Autograph note signed ("Jo. Milton").
Ca. 53:106 mm. Laid onto paper piece and mounted on part of album leaf.
Autograph signature with words in his hand: "pro [or pre?] 12s 6d 1634".
Provenance: John Nichols (1745-1826), printer, author and antiquary, an intimate friend of Dr Johnson, Boswell, Horace Walpole, etc. This autograph was contained in an early 19th century album, the first page of which bears the laid-down inscription "These Autographs were collected by my youngest Daughter Anne Susanna / J Nichols / Oct 29. 1813".
John Nichols was apprenticed to William Bowyer (known as "The Learned Printer") in 1759 and eventually succeeded him in the business and became the foremost printer of his time. Nichols was editor and printer of The Gentleman's Magazine from 1788. He was an eminent antiquary and amassed a great quantity of literary and historical documents, mostly in connection with his literary works, such as his "History and Antiquities of Leicester" (1795-1815) and "Illustrations of the Literary History of the Eighteenth Century Consisting of Original Letters of Eminent Persons" (1817). He was not an autograph collector himself and disposed of his papers by giving many away or by donations to museums. Since his death many of his papers were acquired by the British Library, the Bodleian Library in Oxford and the Folger Shakespeare Library in Washington, and many were dispersed by Sotheby's over a period spanning almost 100 years from 1878. However, he encouraged his youngest daughter, Anne Susanna Nichols (1788-1853), in the pursuit, and in a letter to her he wrote: "There can be no reasonable objection to your collecting the Autographs of Persons who have been eminent either for high station or Literary Talent, as the hand-writing often the index of the Mind; the pursuit is harmless and even meritorious, provided it be made as a matter of amusement and not of business which would be incompatible with the duties of a Female. I never had the leisure, or the inclination to make such a Collection for which during the long period of sixty years I had every Facility, and I now regret that I have destroyed many hundreds and given away many more, which might have furnished for you a rich Collection. I am glad, however, to be still able to add a few names of evidence [...]".

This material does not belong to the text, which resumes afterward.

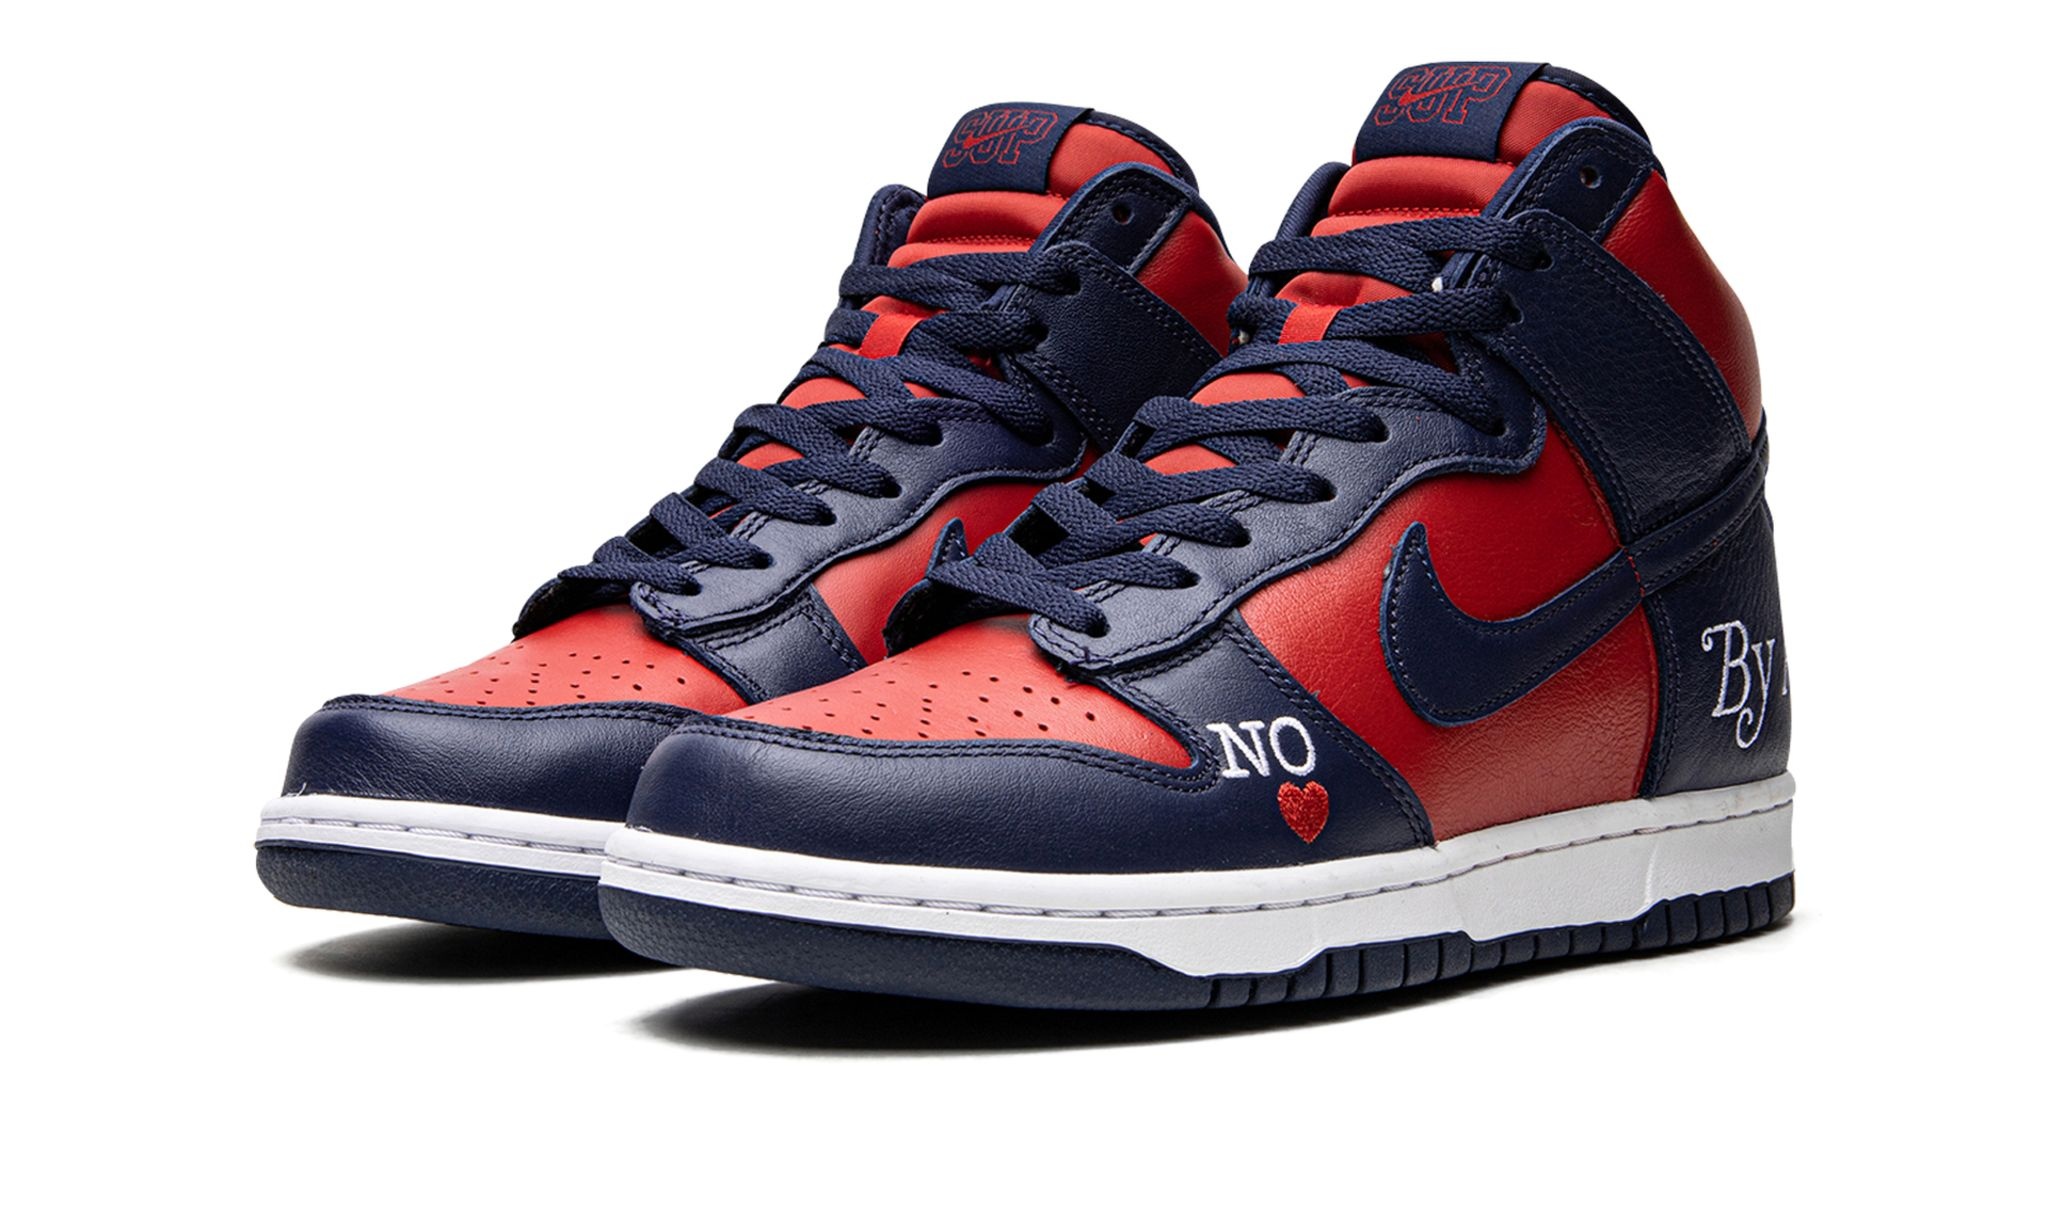 SB Dunk High "Supreme - By Any Means - Navy/Red" - 2

Anne Susanna and her brother, John Bowyer Nichols, went on to become two the 19th century's foremost collectors of autographs, many of their choicest items now being held in national collections. Anne Susanna's nephew John Gough Nichols was the author of "Autographs of Royal, Noble, Learned and Remarkable Personages Conspicuous in English History" (1829), which did much to popularise the collecting of autographs. This autograph of John Milton is sold together with John Nichols' laid-down inscription from the first leaf of Anne Susanna's album.
Old creases and tears with some paper losses just touching the "J" of "Jo.", but with no loss to signature or inscription.